Results: Our data show time-dependent platelet activation by GPVI agonist (collagen related peptide; CRP), PAR-1 agonist (SFLLRN), P2Y12 agonist (ADP), and thromboxane receptor agonist (U46619) in a platelet concentrate. Furthermore, pac-t-UB showed time-dependent platelet activation in unprocessed blood of a post-transfusion patient with thrombocytopenia. Testing platelet function by different agonists in relation to storage show that 3-day-old platelet concentrates are still reactive to the studied agonists. This reactivity rapidly drops for each agonists during longer storage.
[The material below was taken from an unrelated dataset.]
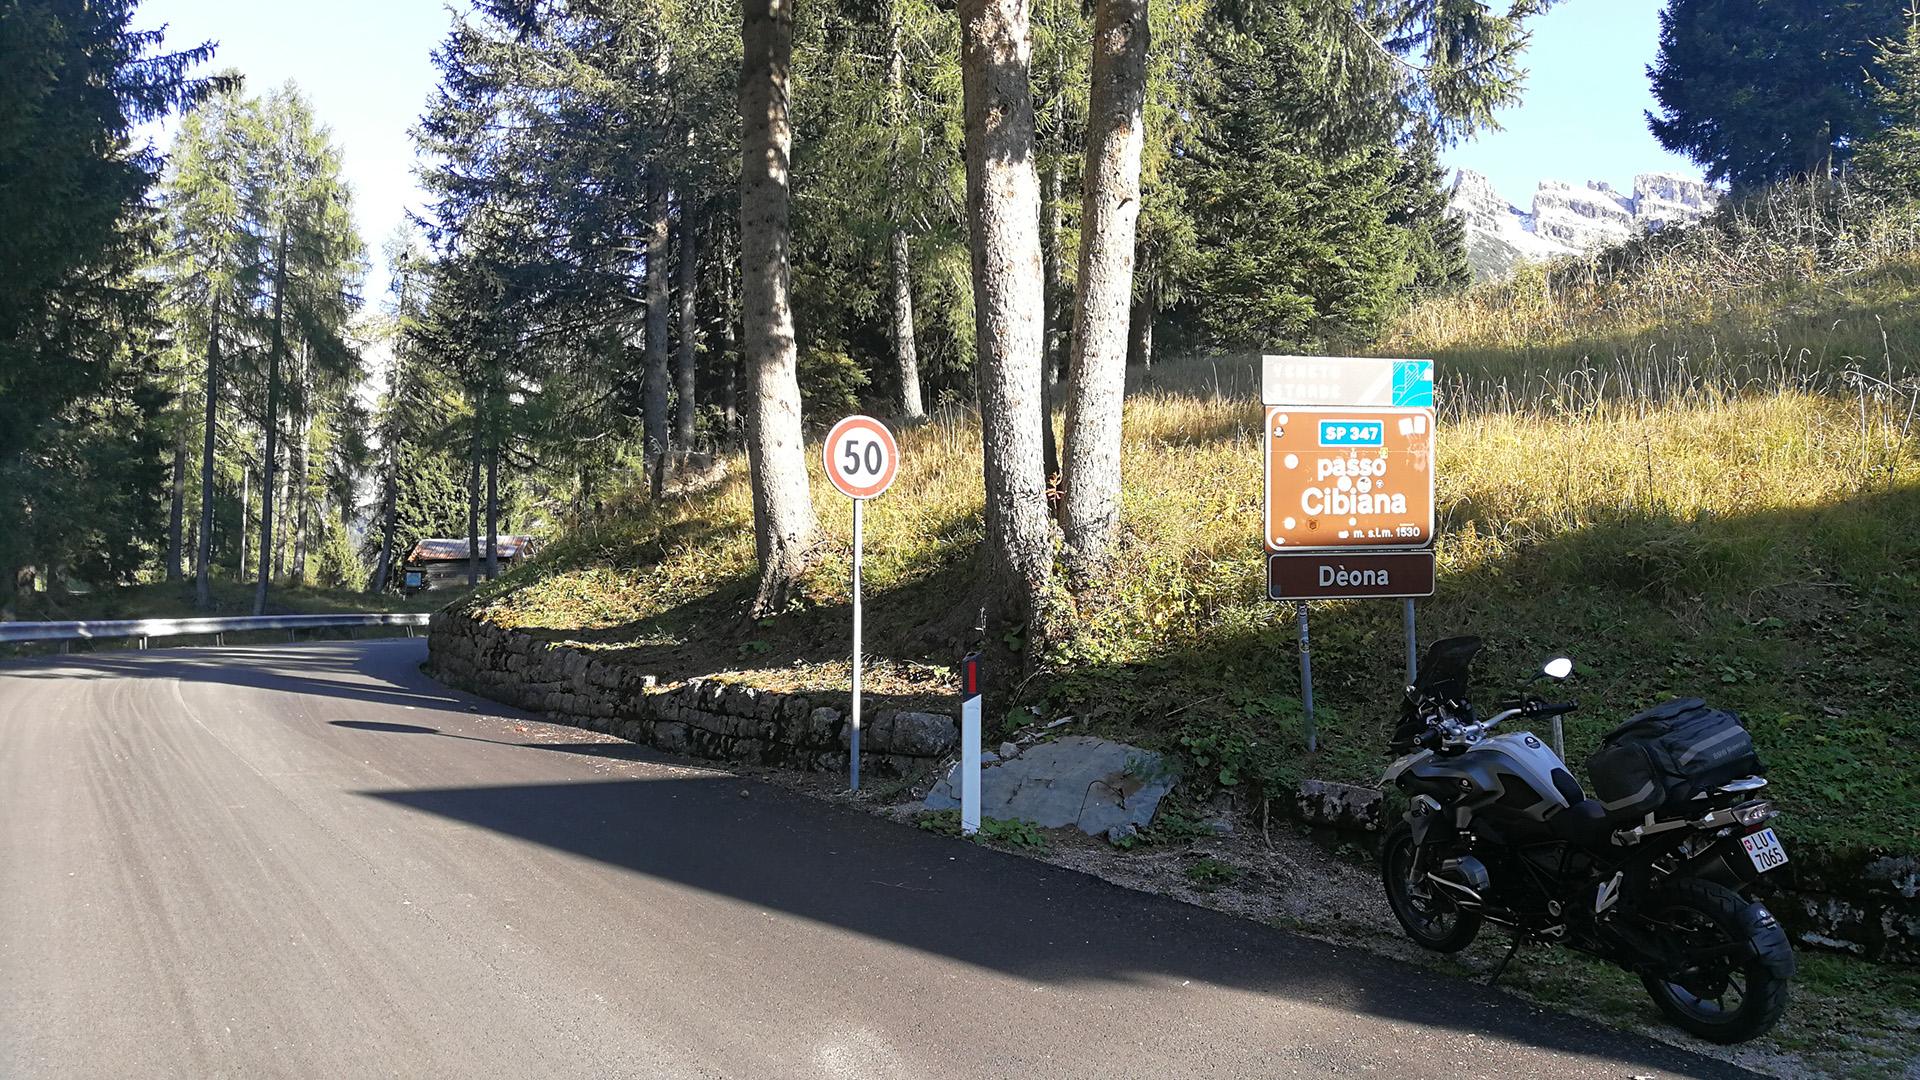 1530 - I - Passo Cibiana

Discussion: Pac-t-UB is a novel tool to estimate platelet function by different agonists in platelet concentrates and in unprocessed blood of thrombocytopenic patients. In the near future, we will validate whether pac-t-UB is an adequate test to monitor the quality of platelet concentrates and whether pac-t-UB predicts the bleeding risk of transfused thrombocytopenic patients.
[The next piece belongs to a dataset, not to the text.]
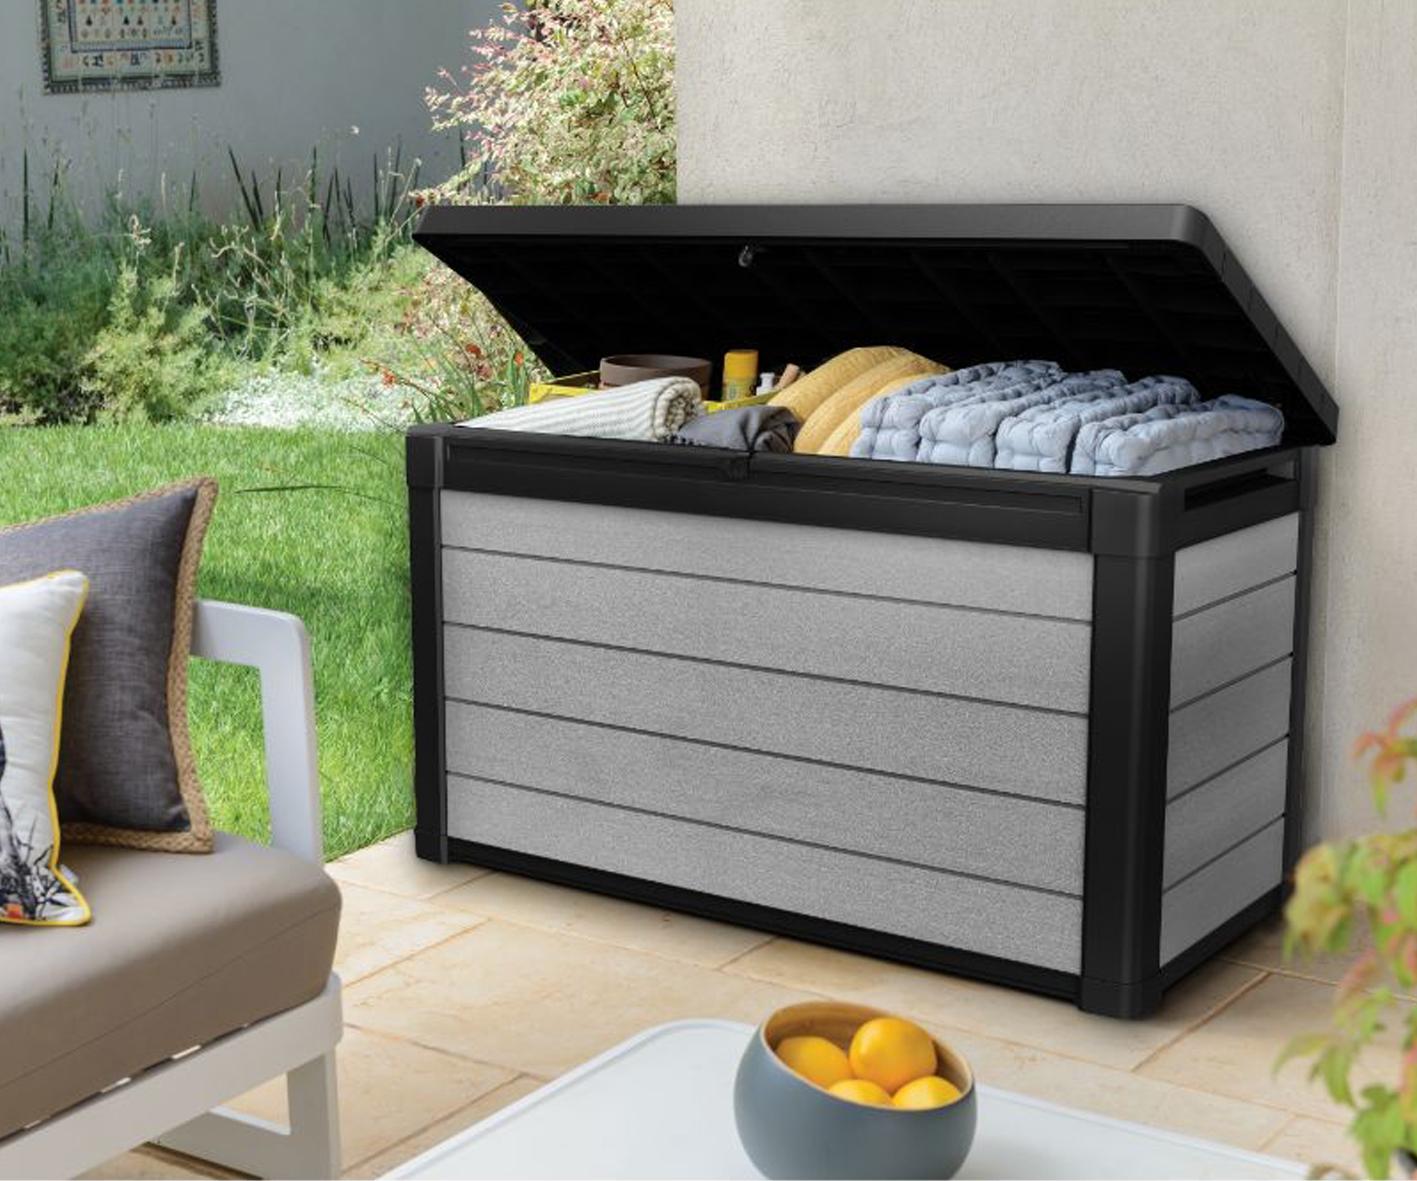 Denali garden box

Keywords: Flow cytometry; Platelet concentrates; Platelet function; Platelet storage; Platelet transfusion; Platelet, Platelet activation; Platelets; Thrombocytopenia.

Figures

Fig. 1

Flow cytometry technique to measure platelet activation in whole blood. a Platelets are separated from red blood cells and white blood cells by forward-side scatter characteristics. Platelet activation can be quantified by fluorescence intensity in the platelet gate of RPE-conjugated antibody binding to the platelet activation marker P-selectin or FITC-conjugated antibody against fibrinogen. b Resting platelets show no signal of platelet activation markers, while c activated platelets show high intensity of platelet activation markers. The concentration-dependent platelet reactivity experiments to different agonists (ADP (d, e), SFLLRN (f, g), XL-CRP (h, i) and U46619 (j, k)) show dose-dependent reaction curves both for P-selectin expression (d, f, h, j) and for fibrinogen binding (e, g, I, k). The experiments in figure 1 are done in six healthy donors.

Fig. 2

Determination of the concentration agonist (SFLLRN, ADP, XL-CRP, and U46619) to study time-dependent platelet activation of each agonist was done in 6 healthy donors. Serial dilutions of SFLLRN, CRP, ADP, and U46619 were used to measure platelet activation by P-selectin expression on the platelet surface. From the dose-response curves we titrated 4.5 µmol/l ADP, 6 µmol/l SFLLRN, 200 ng/ml CRP and 18 µmol/l U46619 as optimal concentrations for further experiments (a–d). e shows the reactivity of platelets of three healthy donors to a serial dilution of SFLLRN using a freshly prepared reaction mix that was stored in complete reaction mix for one week, while f shows the identical experimental setting using reaction mix that was stored in complete reaction mix for 1 week.

Fig. 3

Forward sideward scatter plot (a-c) of flow cytometry measurements of platelet activation by SFLLRN (PAR1 agonist) in platelet concentrates. Time response curves of platelet activation by 4.5 µmol/l ADP (d, e), 6 µmol/l SFLLRN (f, g), 200 ng/ml CRP (h, i), and 18 µmol/l U46619 (j, k) were used to measure platelet activation by RPE-conjugated anti-P-selectin antibody binding to the platelet surface (d, f, h, j), and FITC-conjugated anti-fibrinogen antibody binding to platelets (e, g, I, k).

Fig. 4

Platelet activation of platelet concentrates by 4.5 µmol/l ADP (a, b), 6 µmol/l SFLLRN (c, d), 200 ng/ml XL-CRP (e, f), and 18 µmol/l U46619 (g, h) after 20 min reaction time. Platelet function in platelet concentrates was measured at day 1, 2, 3, 6, 7 and 10.

Fig. 5

Forward sideward scatter plots (a–c) of flow cytometry measurements of platelet activation by SFLLRN (PAR1 agonist) in blood of a platelet concentrate transplanted patient with cell count of 20 × 109/l. Time response curves of platelet activation by 4.5 µmol/l ADP (d, e), 6 µmol/l SFLLRN (f, g), 200 ng/ml CRP (h, i) and 18 µmol/l U46619 (j, k) were used to measure platelet activation by RPE-conjugated anti-P-selectin antibody binding to the platelet surface (d, f, h, j), and FITC-conjugated anti-fibrinogen antibody binding to platelets (e, g, I, k).